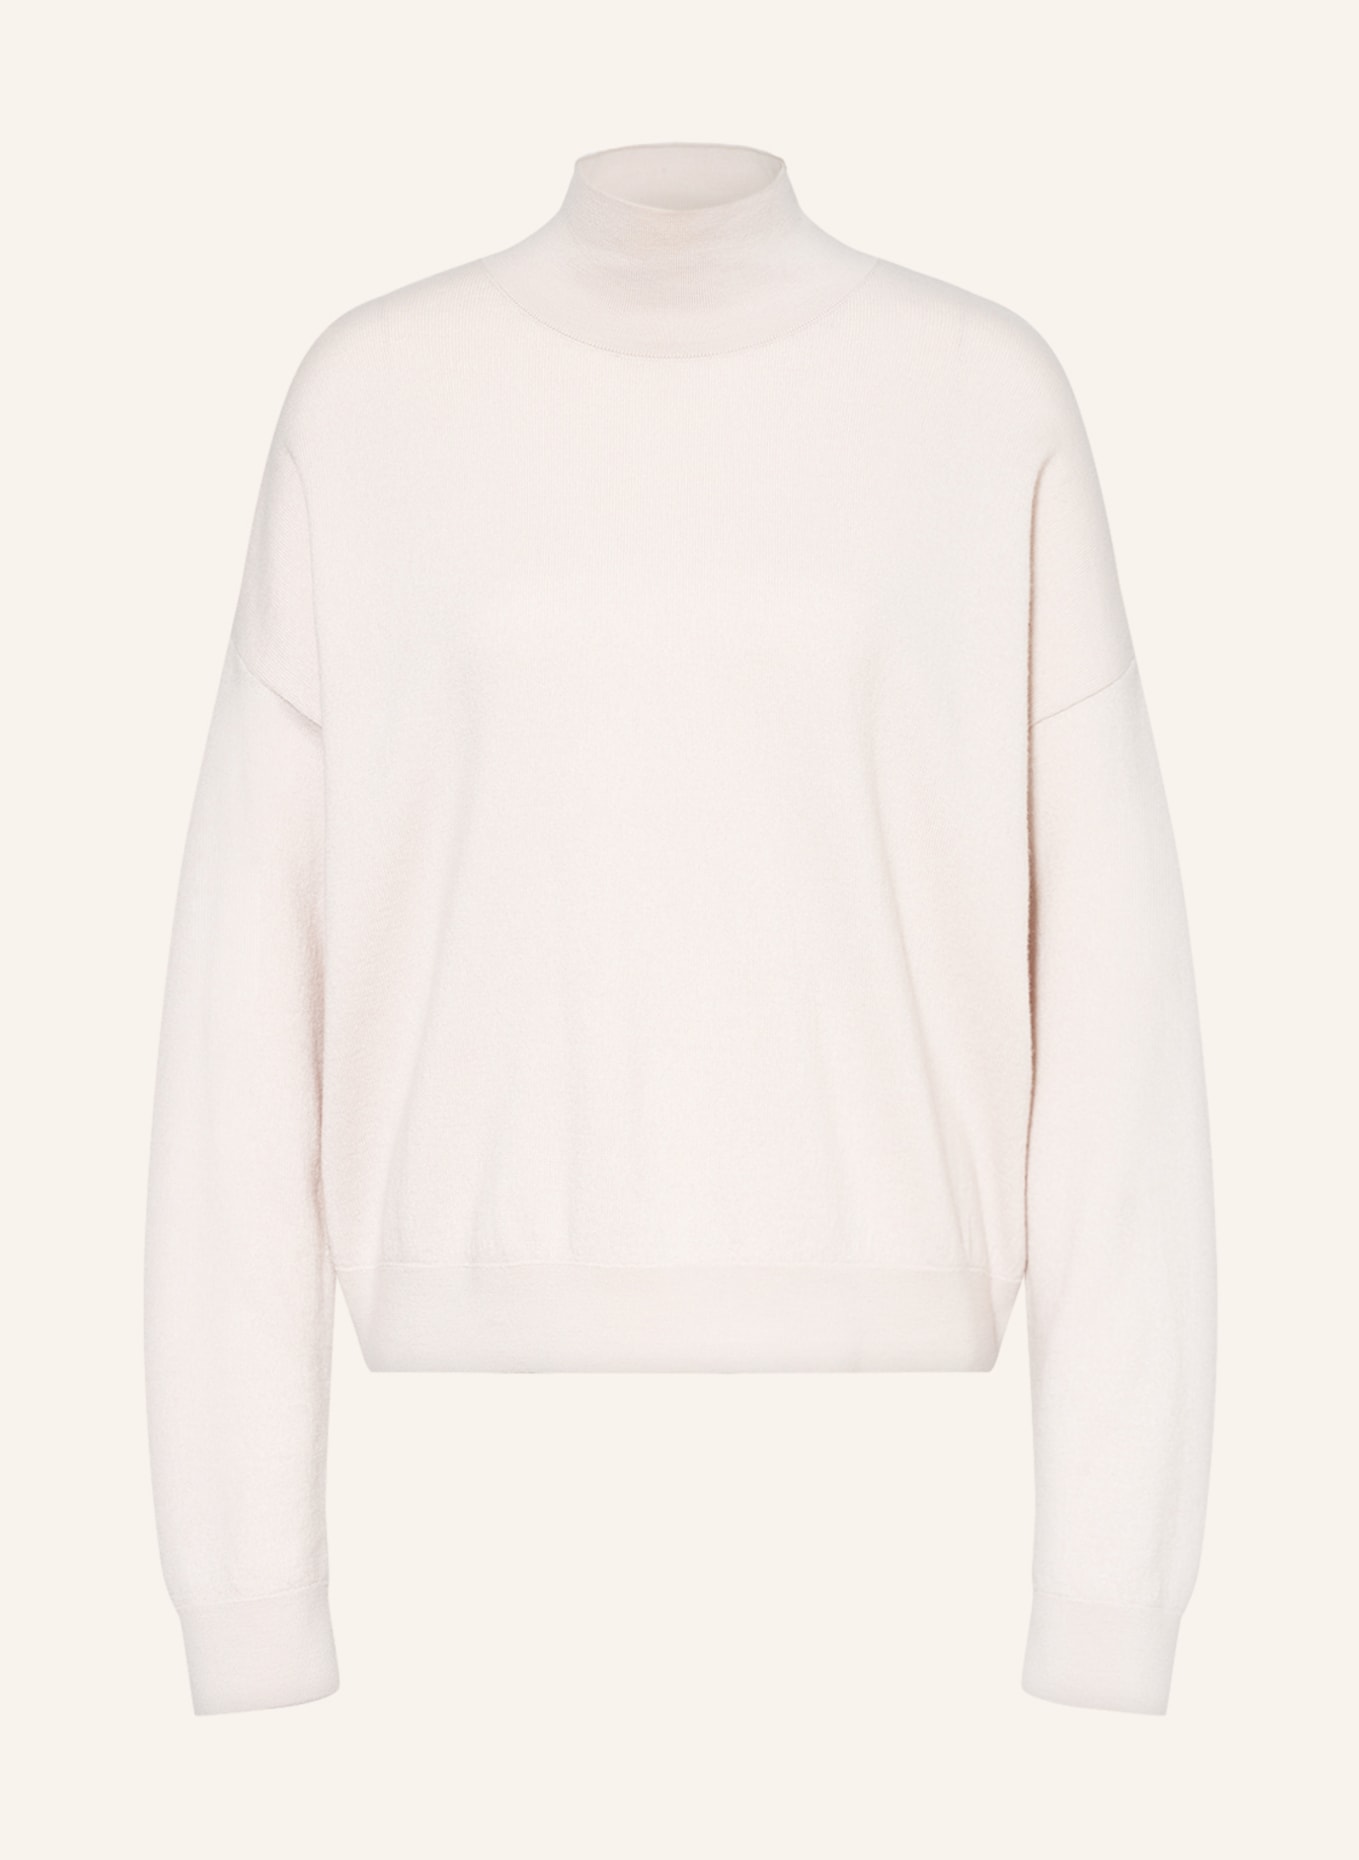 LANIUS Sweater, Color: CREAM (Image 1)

...

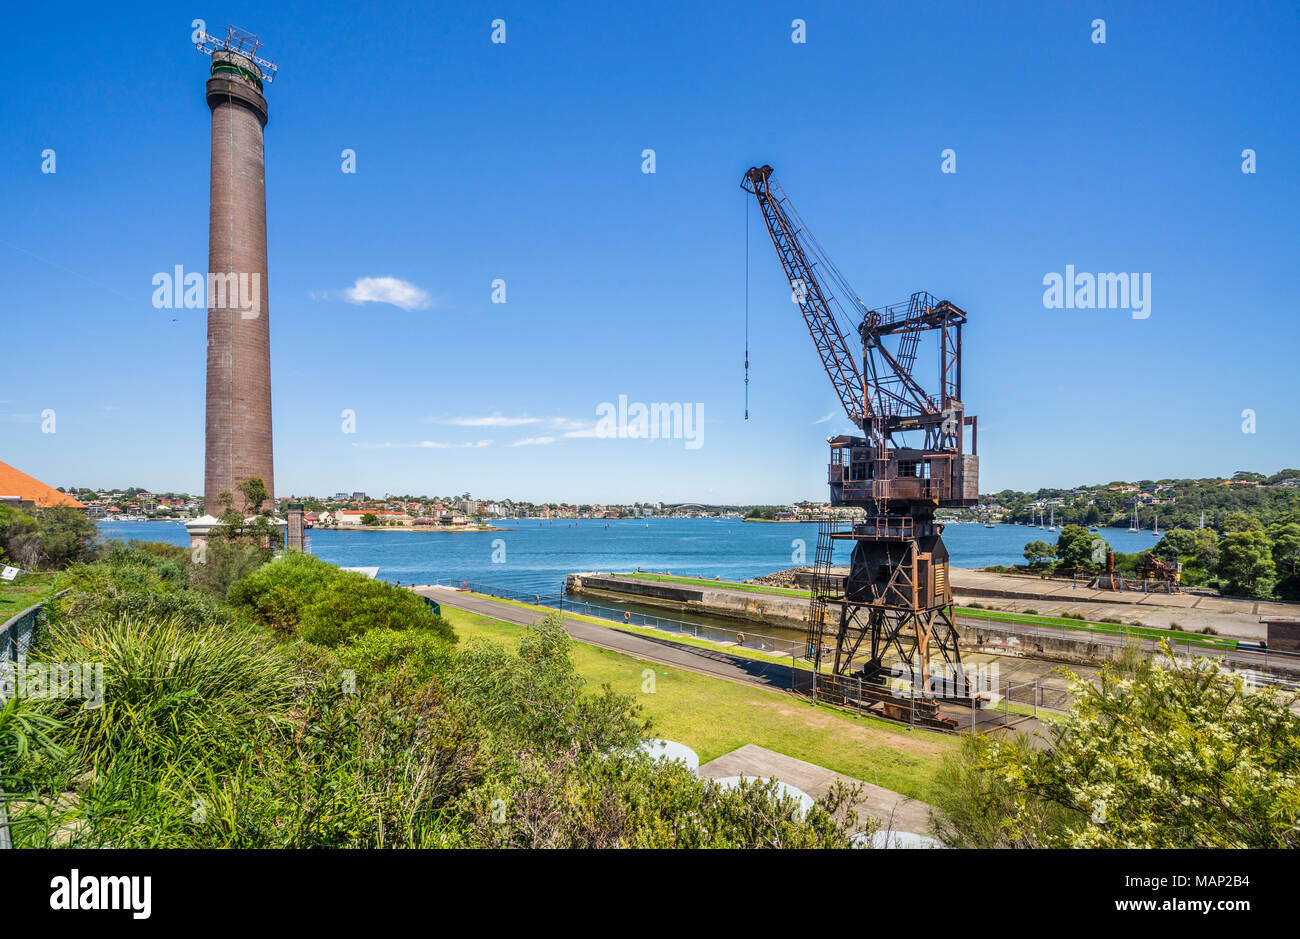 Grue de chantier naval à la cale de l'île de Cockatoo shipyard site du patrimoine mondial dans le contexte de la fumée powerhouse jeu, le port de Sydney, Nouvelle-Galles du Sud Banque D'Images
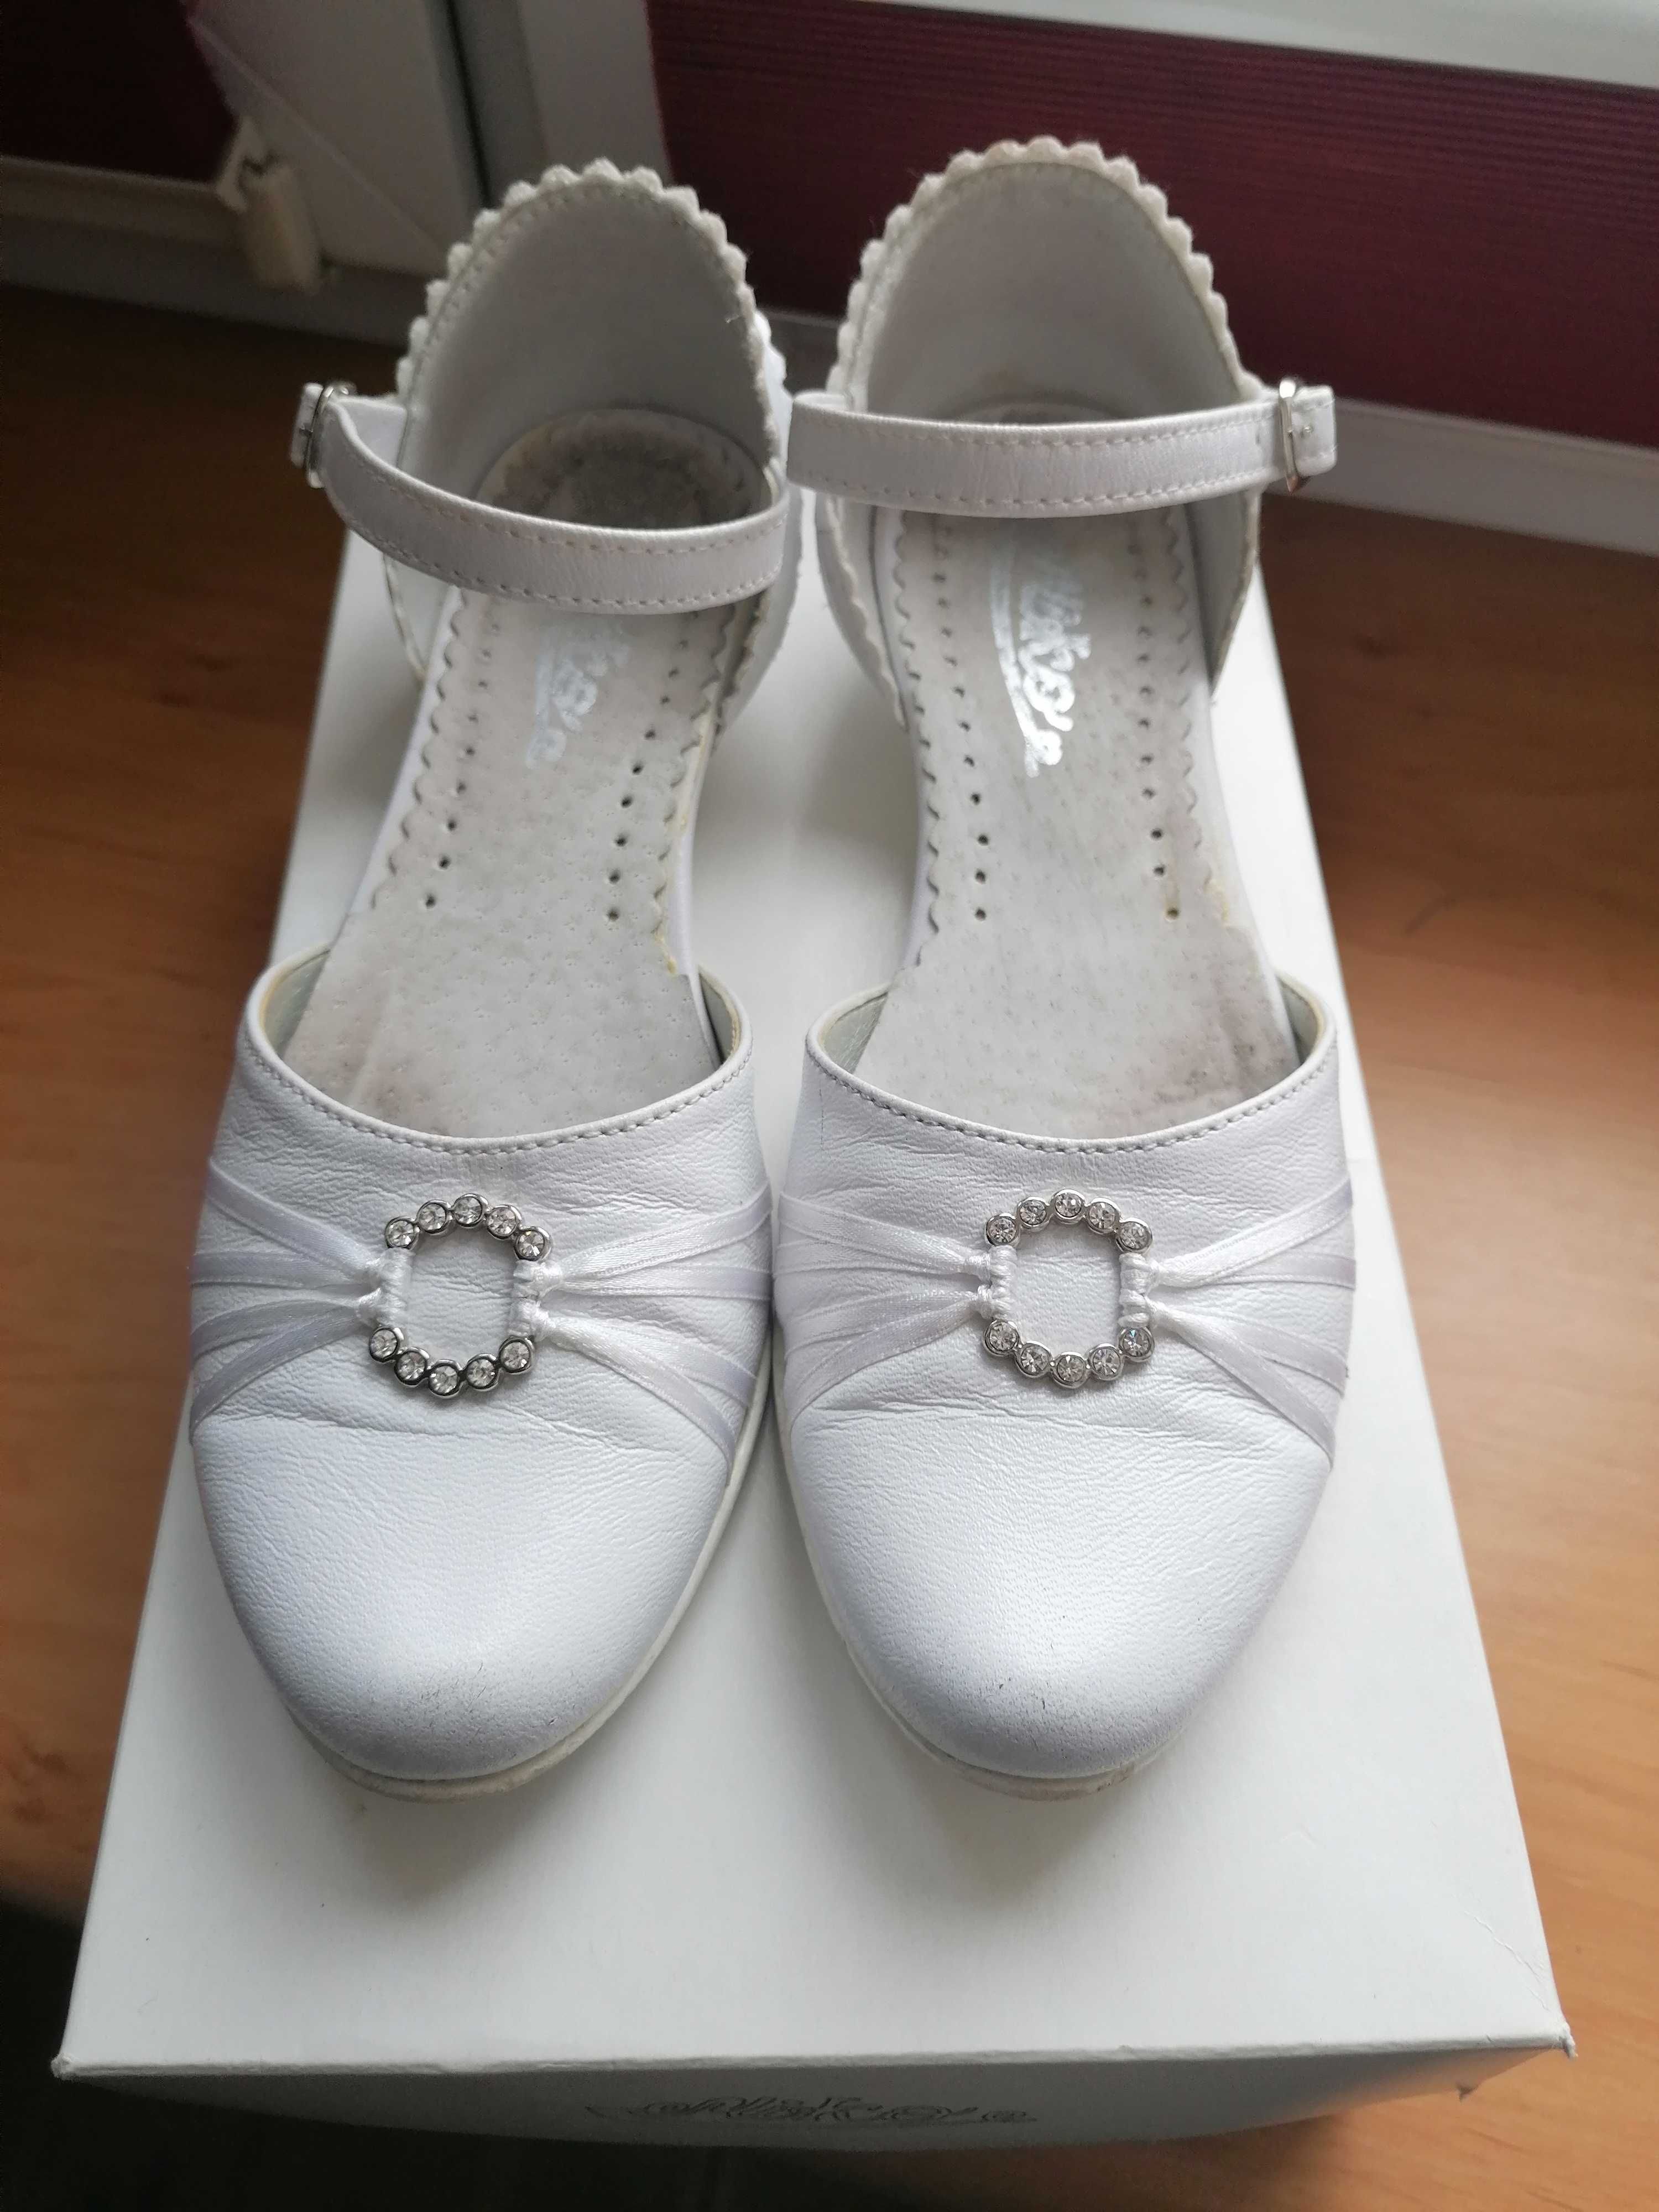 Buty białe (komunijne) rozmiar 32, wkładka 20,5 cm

* The problem *
The lines to reproduce run from the one above containing "Grue de chantier" through the one containing "Buty białe (komunijne)". Copy them exactly and leave out all pictures.

* Task output *
 Grue de chantier naval à la cale de l'île de Cockatoo shipyard site du patrimoine mondial dans le contexte de la fumée powerhouse jeu, le port de Sydney, Nouvelle-Galles du Sud Banque D'Images
 Buty białe (komunijne) rozmiar 32, wkładka 20,5 cm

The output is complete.